The US FDA has given stakeholders more time to comment on the 40-year old monograph system used to regulate OTC drugs and reiterated its concerns that the approach does not allow it to keep up with new drug safety testing advances.
According to a notice in the Federal Register, the US Food and Drug Administration (FDA) has extended the comment period until the end of July.
An Agency spokeswoman told in-Pharmatechnologist.com that: “We reopened the comment period to be sure that there was adequate time for stakeholders to provide comments. There were 19 comments received during the original open comment period.”
The FDA originally called for feedback on the OTC monograph system in February and asked interested parties whether the system needs to be revamped to make it more efficient and responsive.
According to the agency "When the OTC Monograph Process was initially established and implemented in the early 1970s, the multistep rulemaking strategy was thought to be an effective and efficient approach to reviewing large categories of active ingredients in drug products at the same time given what was the current thinking about the known science related to these ingredients.

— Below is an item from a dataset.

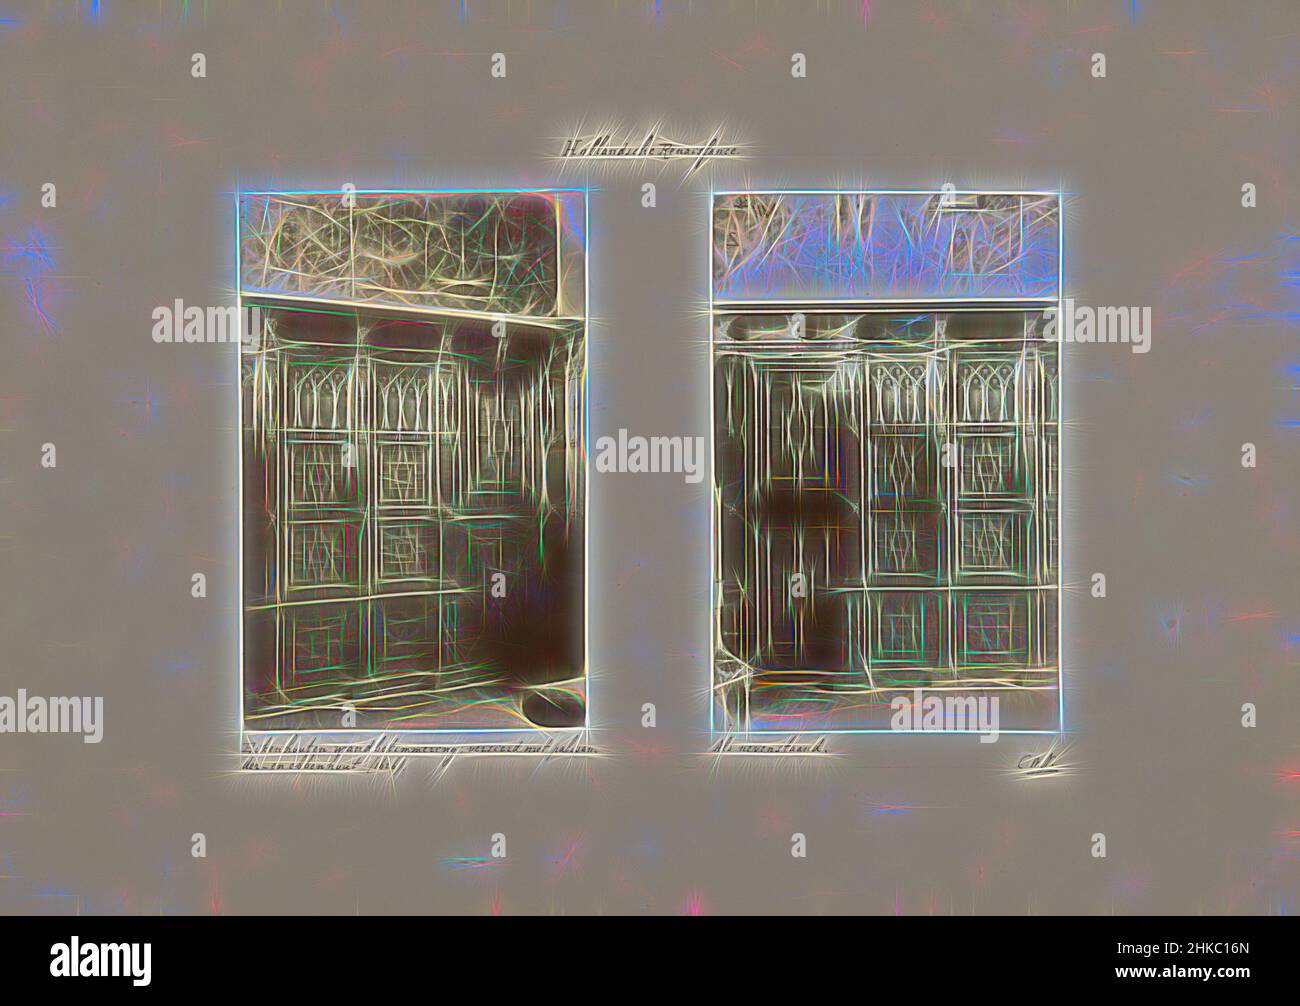 Inspired by View of two views of a wall paneling, On the left the wall paneling, seen from the side, on the right a front view of the wall paneling., Netherlands, c. 1875 - c. 1900, height 315 mm × width 446 mm, Reimagined by Artotop. Classic art reinvented with a modern twist. Design of warm cheerful glowing of brightness and light ray radiance. Photography inspired by surrealism and futurism, embracing dynamic energy of modern technology, movement, speed and revolutionize culture Stock Photo

"Indeed, the questions we are raising in this notice about the OTC Drug Review become all the more important to the public health when we compare the statutory changes that have been made to update the regulation of prescription NDA drugs to address the scientific advances in evaluating drug safety. These changes give FDA the ability to quickly obtain new information and take administrative action as needed efficiently and effectively."
The system is a mechanism for approving over-the-counter (OTC) drugs that does not require the manufacturer to obtain a new drug application (NDA) approval from the US.
Instead the system allows OTC drugs to be sold without prescription if they meet so called “generally recognised as safe/effective” requirements set out in standards documents – monographs –covering drug ingredients in certain types of medication.
Another problem - according to the FDA – is that producing monographs is a requiring the input of active pharmaceutical ingredient (API) review panels, agency review of the same APIs and publication of a tentative final monograph (TFM) for public comment.
Only after the TFM comment period has elapsed is the final monograph issued which – combined with the fact that OTCs for which there is no monograph are allowed to stay on the market – creates several challenges according to the FDA.
“Several significant segments of the OTC marketplace are still not covered by final monographs, and these products may lack sufficient data for FDA to determine whether they are safe, effective, or both.”
It also said that letting OTC drugs lacking monographs stay on the market put manufacturers off conducting safety studies or responding to safety concerns “as to do so may hasten a determination that their product is not GRAS/GRAE.”